Restoration of the transposition of retrotransposon Tf1 mutants in fission yeast via dCas13a-mediated RNA editing

Retrotransposon Tf1 undergoes transposition in the genome of fission yeast via an RNA intermediate (26,27). The dCas13a-mediated RNA editing system was used to restore the transposition of retrotransposon Tf1 mutants by manipulating their RNA intermediate via RNA editing (See Supplementary Figure S4 for the design scheme). Two Tf1 mutants were constructed (Tf1-835A and Tf1-1165A), which generated stop codons at positions 99 and 209 of the Tf1 fusion peptide, respectively (Supplementary Figure S4). The two Tf1 mutants could be transcribed under the nmt1 promoter but failed to retro-transpose, due to a lack of a full-length Tf1 peptide because of the premature stop codons. When the Tf1 mutants were transfected into dCas13a-hADAR2d-expressing cells with the control or the corresponding crRNA–pRNA, Tf1-1165A was edited at residue 1165A with an efficiency of 43.2% (Figure 5A), whereas no editing activity was detected for Tf1-835A at residue 835A, presumably because of the low-efficiency of Tf1-835A targeting crRNA–pRNA. The transposition frequencies of the Tf1 mutants in the presence of the control or the corresponding crRNA–pRNA were measured in plates containing either 5-FOA alone or both 5-FOA and G418 (Figure 5B). While no transposition was detected for Tf1-835A with either the control or Tf1-835A targeting crRNA–pRNA, a transposition frequency of 1.65 × 10⁻⁴ was observed for Tf1-1165A in the presence of Tf1-1165A targeting crRNA–pRNA (Figure 5B). This utility for retrotransposon manipulation can be expanded and applied to other retrovirus in different hosts, either similar or different to Tf1 in fission yeast. For example, it can manipulate retrovirus sequences at the RNA level, and see how the different variants propagate subsequently. Particularly, by introducing sequence changes before reverse transcription, the system allows interference to take place at the designed stage in the life cycle of a retrovirus, targeting one or multiple genes of choice at once.

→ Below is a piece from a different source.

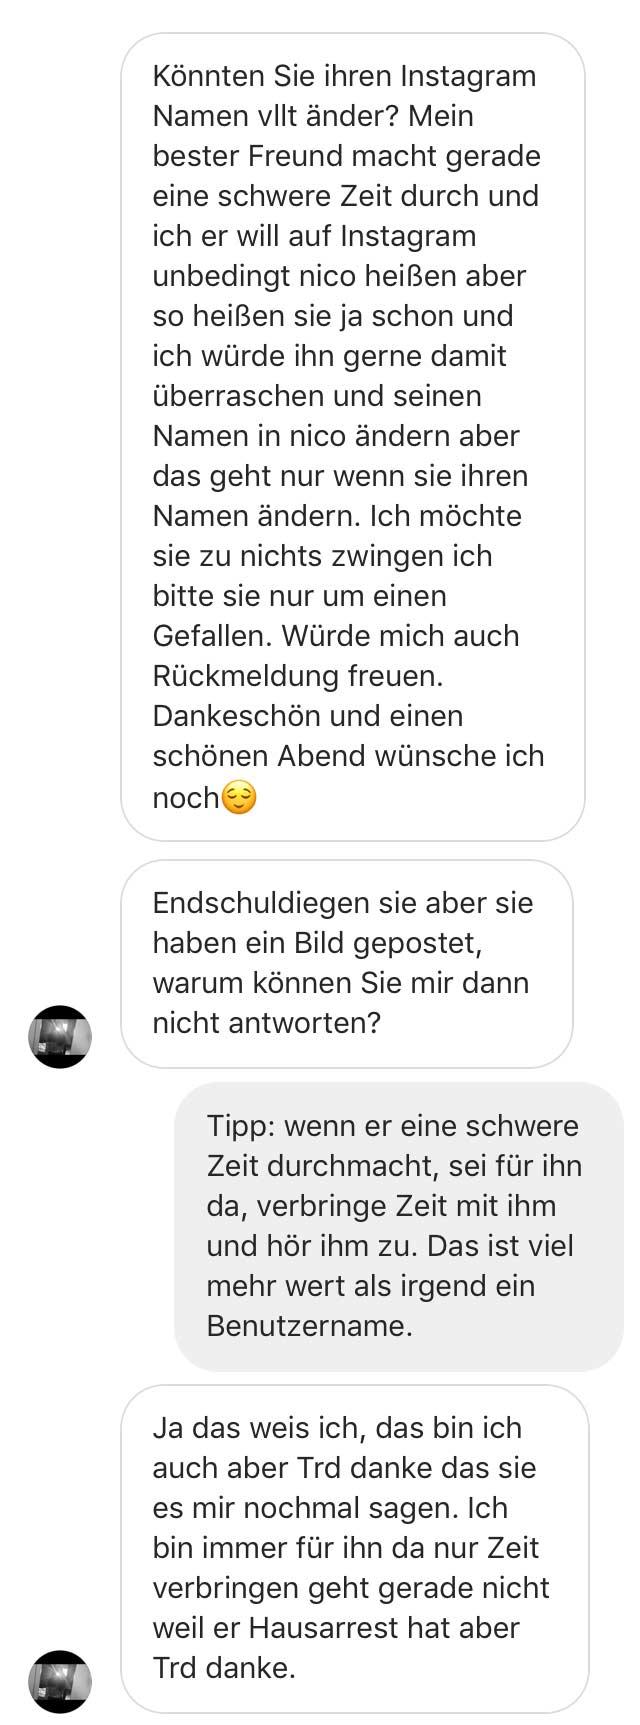 Instagrammer @Nico sammelt Anfragen zu seinem Benutzernamen can-i-have-your-instagram-name_04
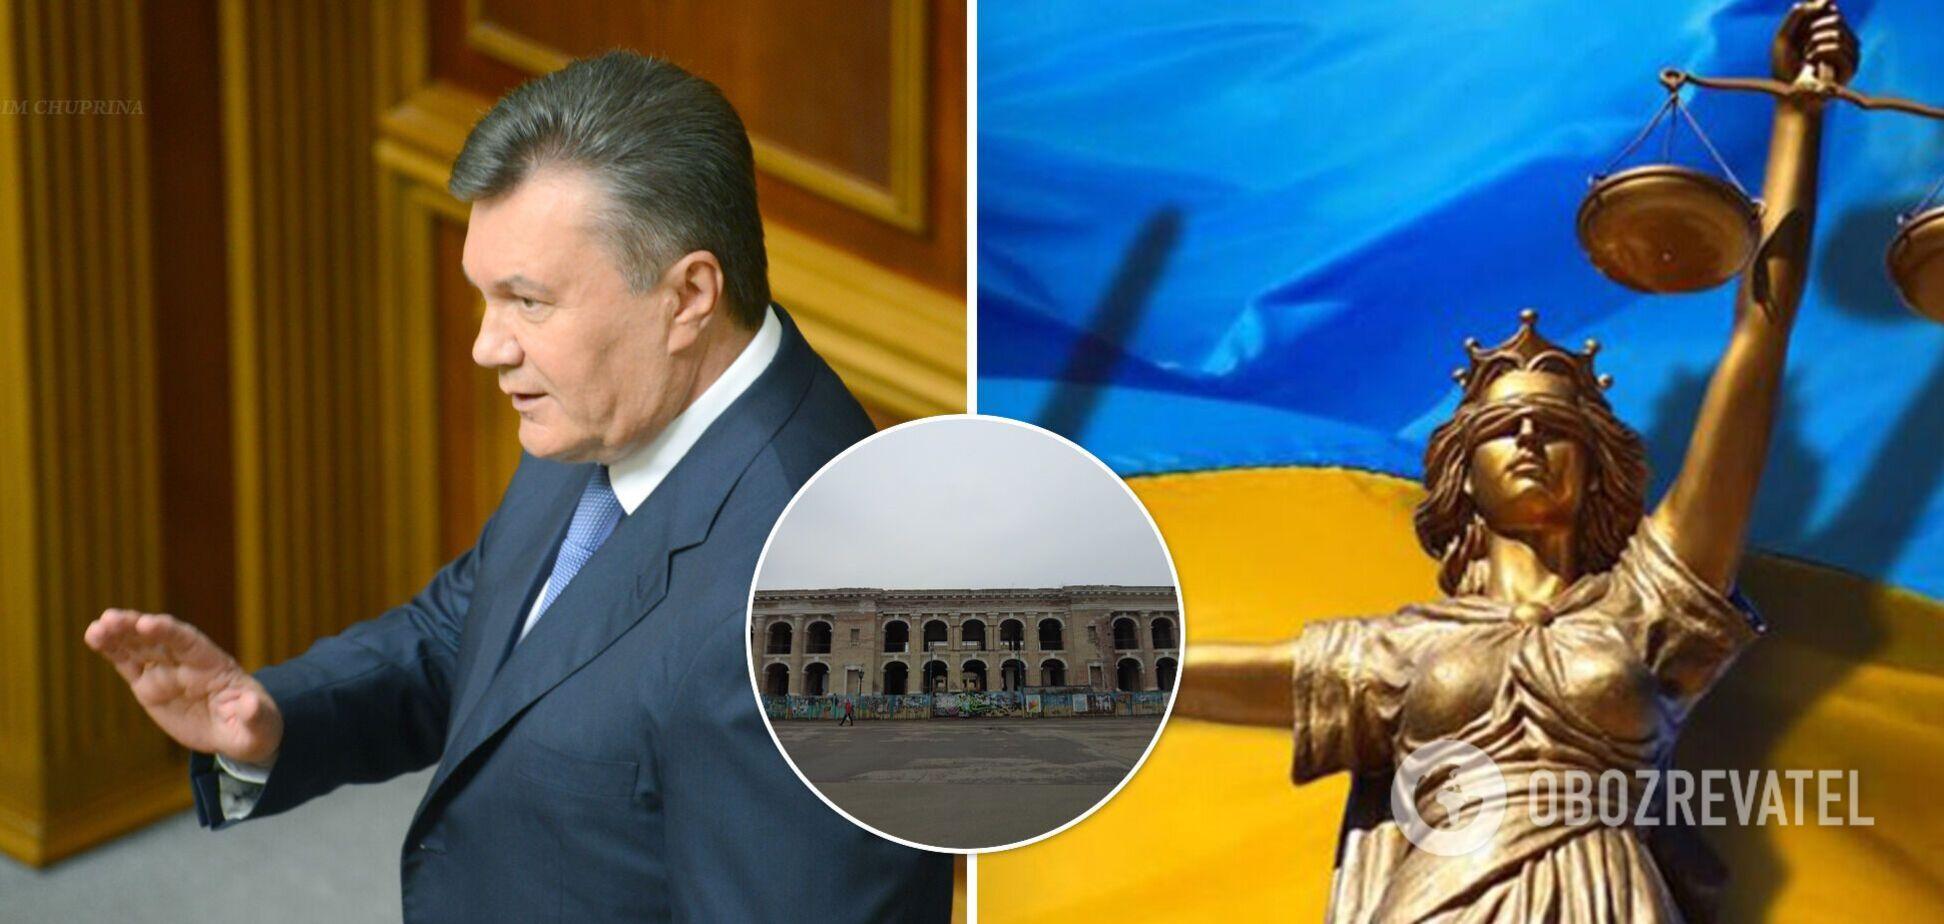 Янукович, бізнес і корупція: хто занапастив Гостиний двір у Києві та що робитиме влада. Фото, відео

Figure 5. — Editing RNA intermediates of retrotransposon Tf1 mutants and restoring transposition with the dCas13a-mediated RNA editing system. (A) Editing efficiency at residues 835A and 1165A in the Tf1-835A and Tf1-1165A mutants, respectively. Residues targeted by the designed crRNA–pRNA are indicated with *. All values are expressed as the mean ± s.e.m. with n = 2. (B) Transposition efficiency of Tf1 mutants (as shown in Figure 5A) with mutant residues targeted by the dCas13a-mediated RNA editing system. Cells were replica plated to YES plates with 5-FOA or 5-FOA+G418. All values are expressed as the mean ± s.e.m. with n = 3.

DISCUSSION

We successfully introduced Cas13a (7) from L. shahii (LshCas13a) to the model organism S. pombe, and used it to target and knockdown endogenous gene transcripts in fission yeast cells. To implement LshCas13a in S. pombe, we combined the rrk1 promoter (transcribed by RNA Pol II) with a ribozyme cassette for cis-processing of pre-crRNA. A similar system was previously employed to express the CRISPR-Cas9 system in S. pombe (28). To meet the requirements for both the RNA targeting and editing applications of Cas13a, we modified the existing cassette by inserting HDVR and HHR1/HHR2 sequences (Figure 2B). This design proved effective and efficient in generating crRNA alone, or crRNA and pRNA molecules that were either separated or joined. Note that the reported intrinsic RNase activity for the processing of pre-crRNA by Cas13a could be used to simplify our system (8,42). However, in our study design, we were concerned that the inactive LshCas13a (dCas13a) (to be employed in constructing the RNA editing complex) might impair the pre-crRNA processing ability. One area of possible improvement for our system in future work is the testing and utilization of the pre-crRNA processing function of dCas13a, which could greatly reduce the complexity of the RNA editing toolset.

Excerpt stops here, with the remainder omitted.